## YOUR ASSIGNMENT
Reproduce exactly the lines from the one containing "Vase de collection" through the end of the listing, minus the pictures.

(INFORMATION PROVIDED begins)

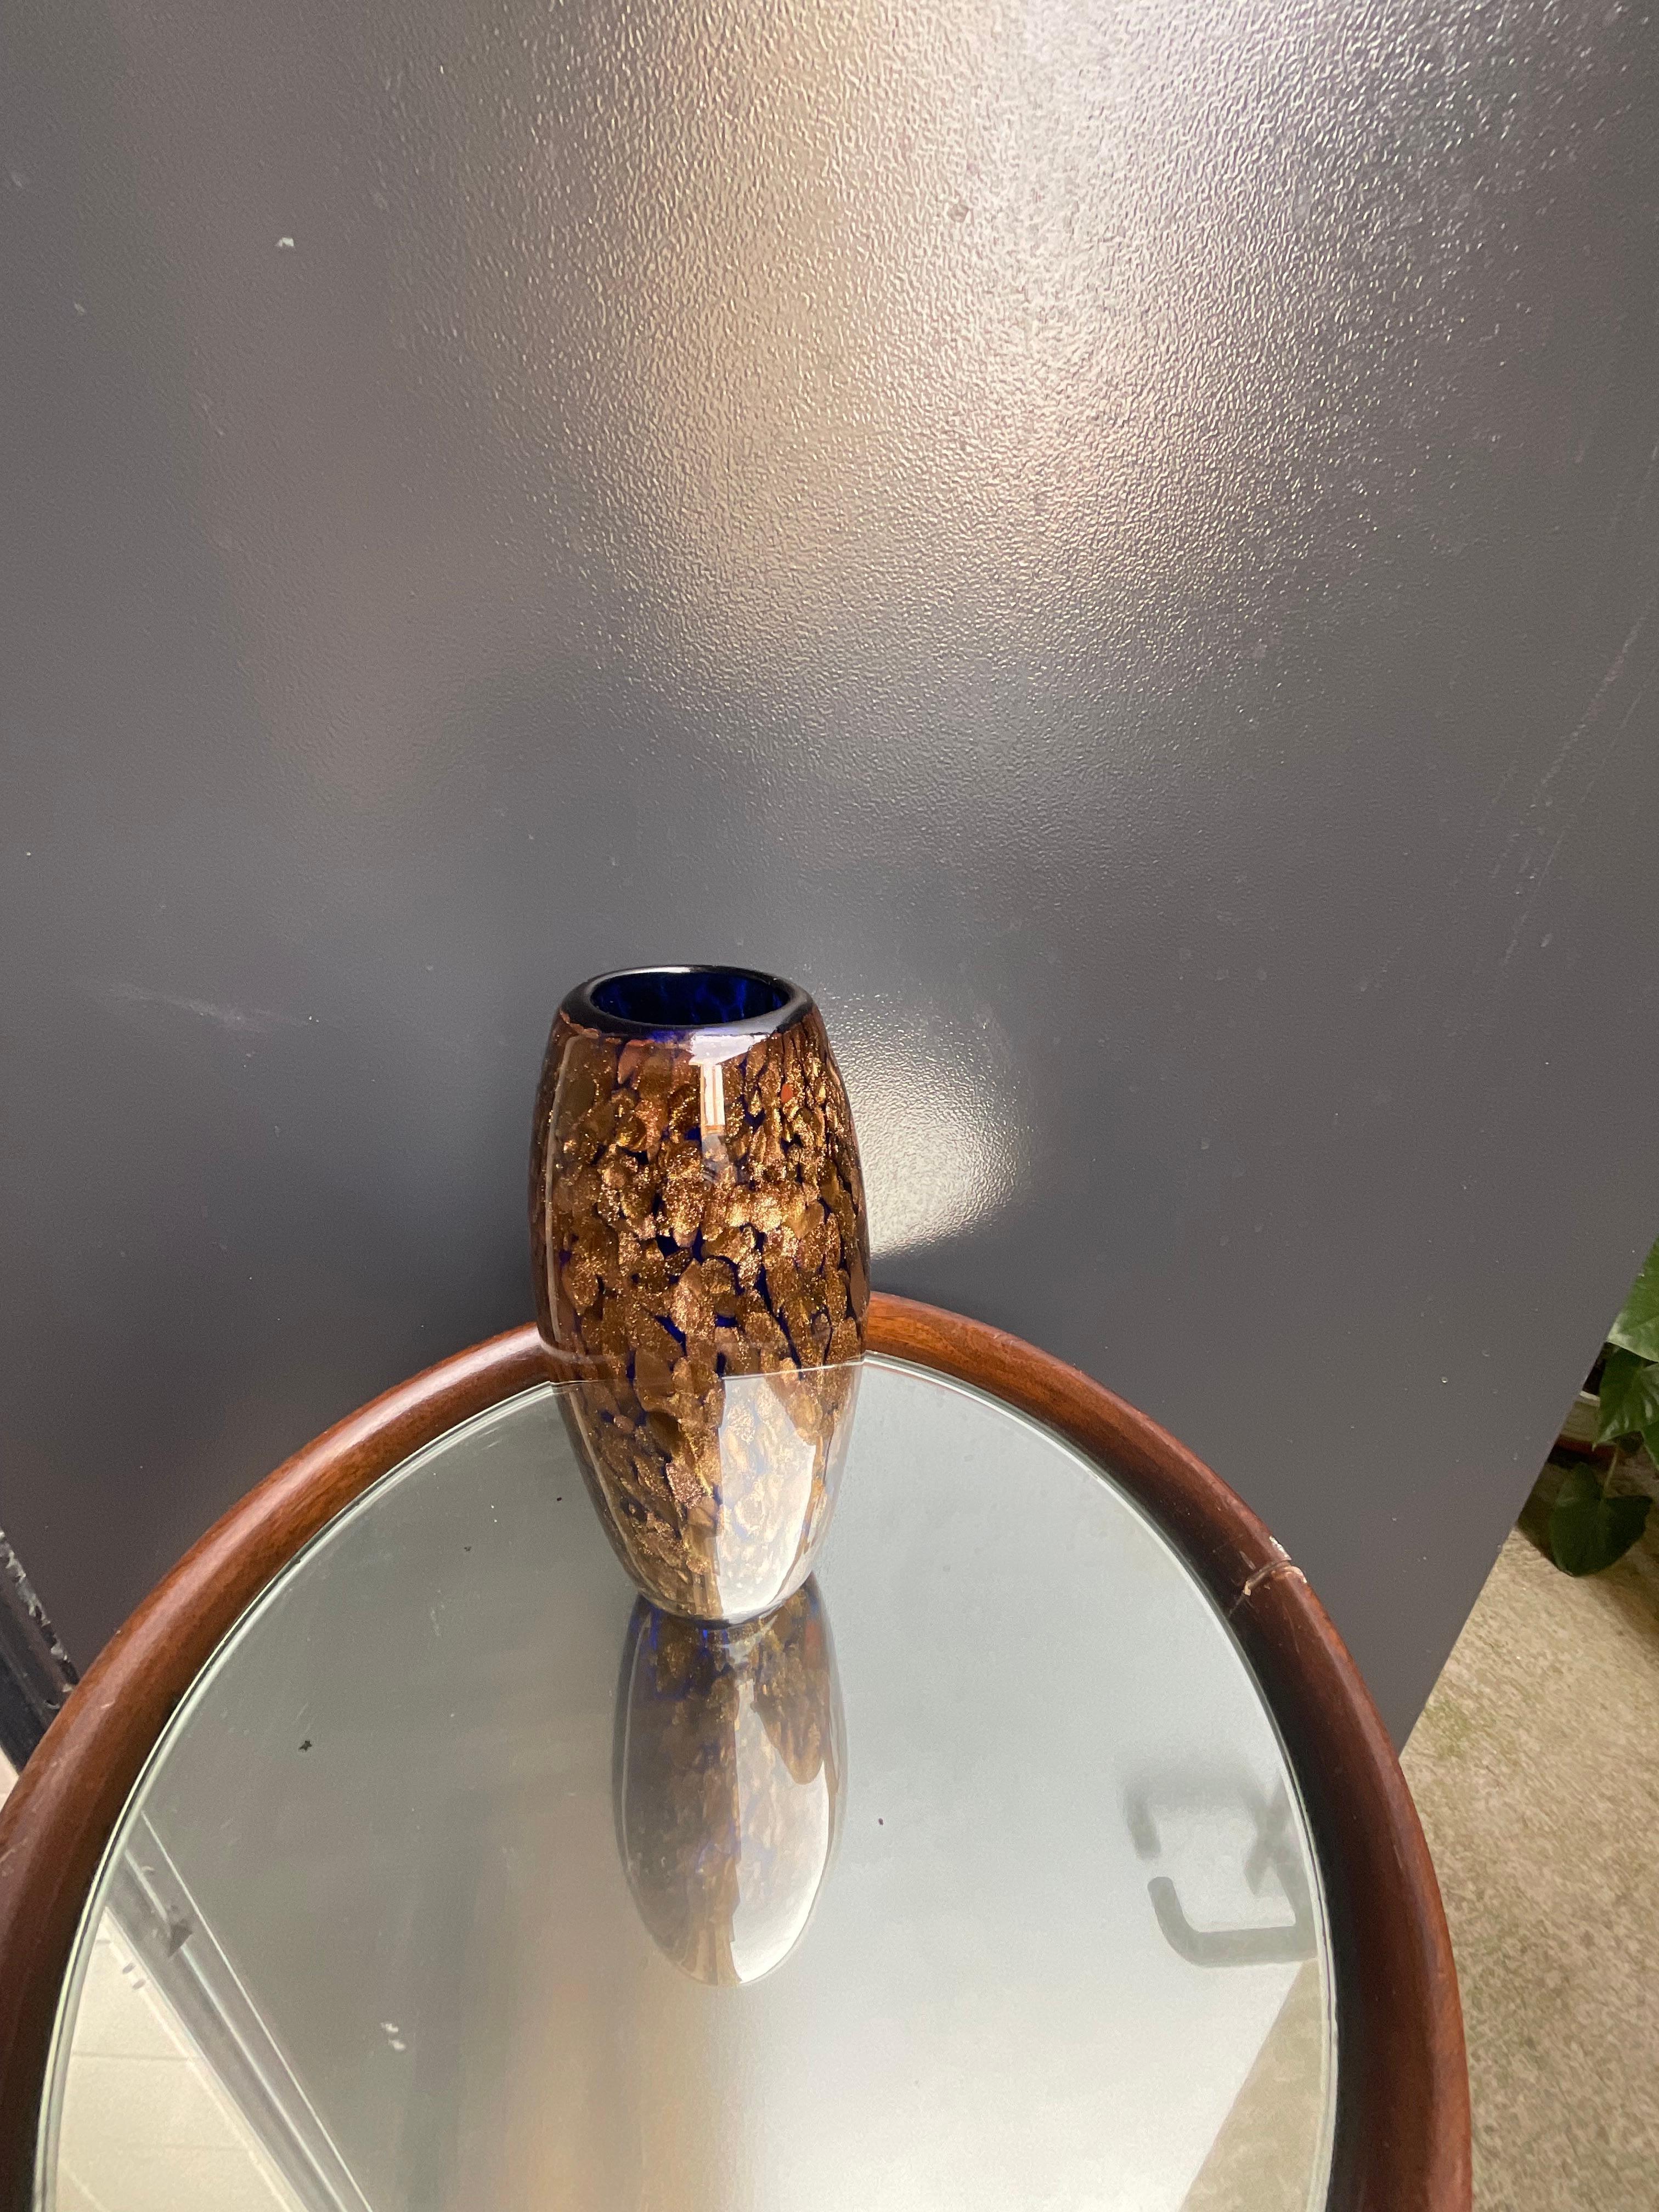 Magnifique forme de ce vase Murano bleu cobalt avec aventurine cuivrée.
Vase de collection réalisé par la verrerie de Murano Seguso dans les années 1960.
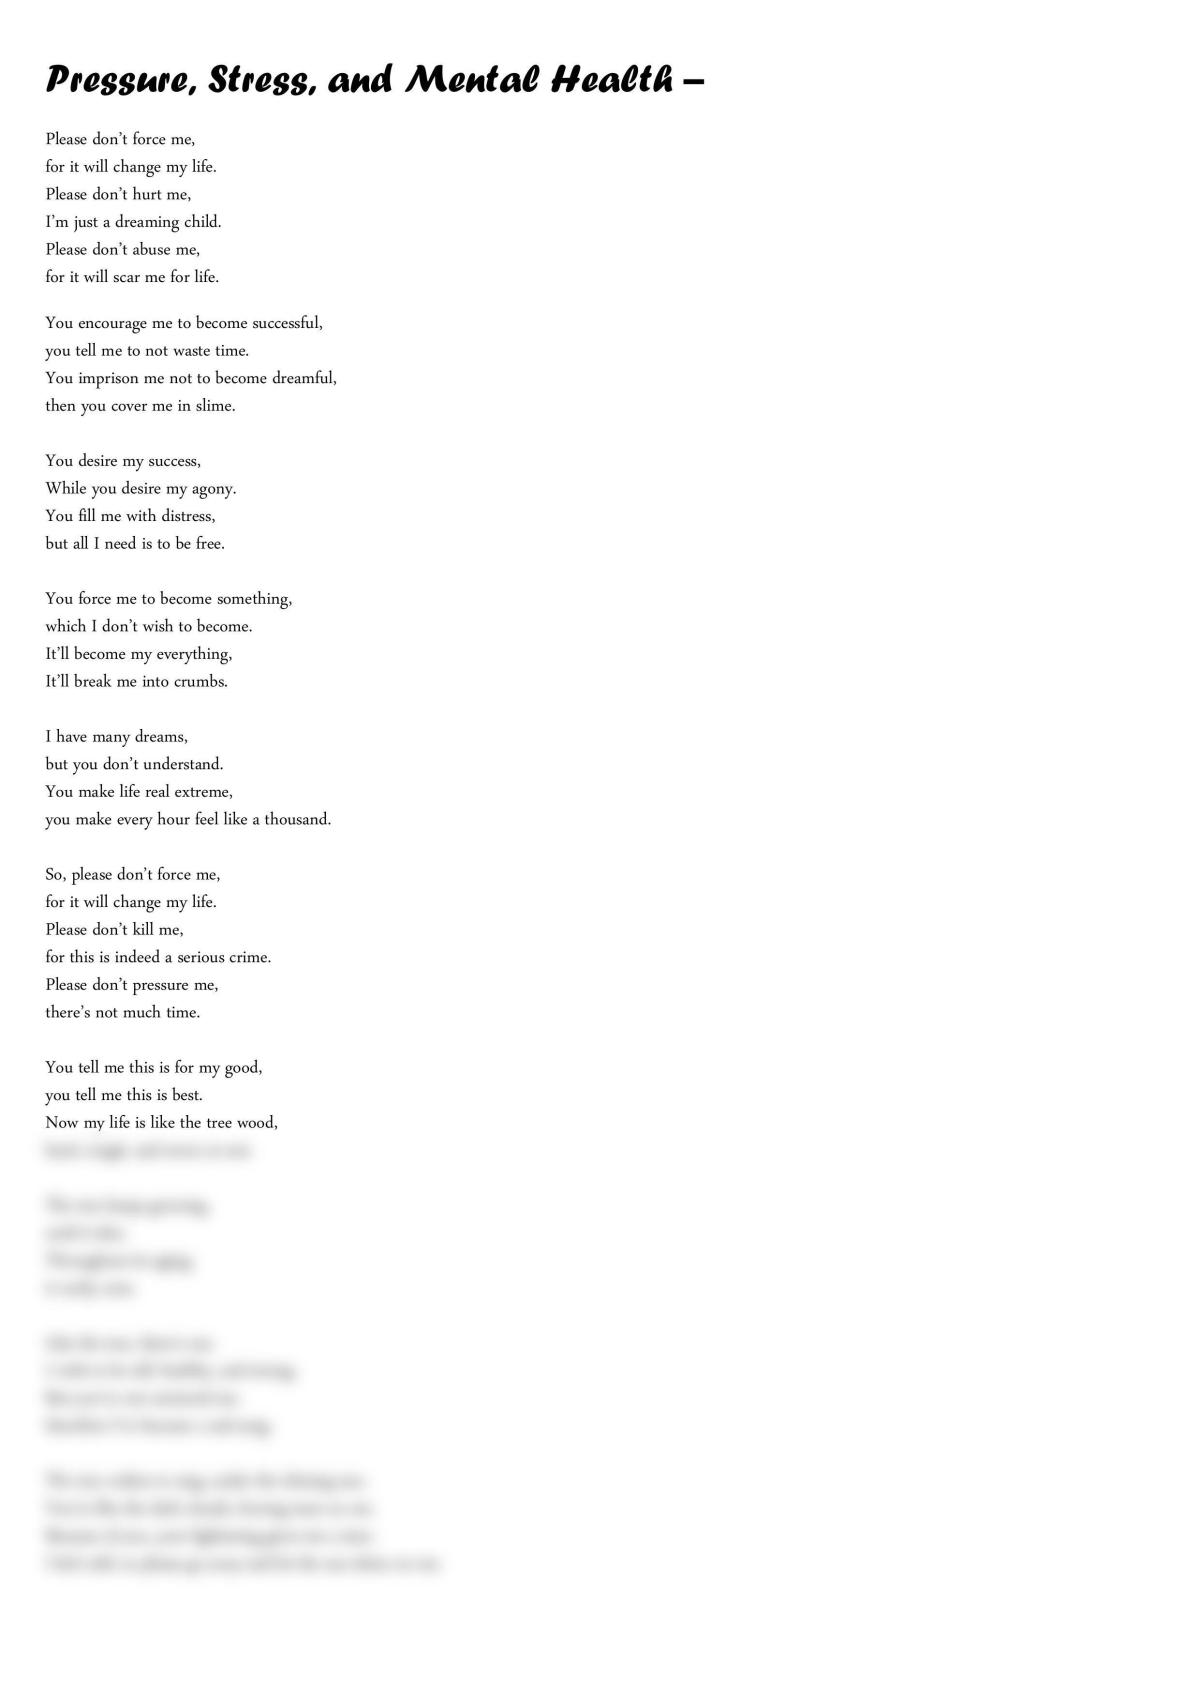 slam poem assignment

(INFORMATION PROVIDED ends)

## SOLVED PROBLEM
Vase de collection réalisé par la verrerie de Murano Seguso dans les années 1960.
 slam poem assignment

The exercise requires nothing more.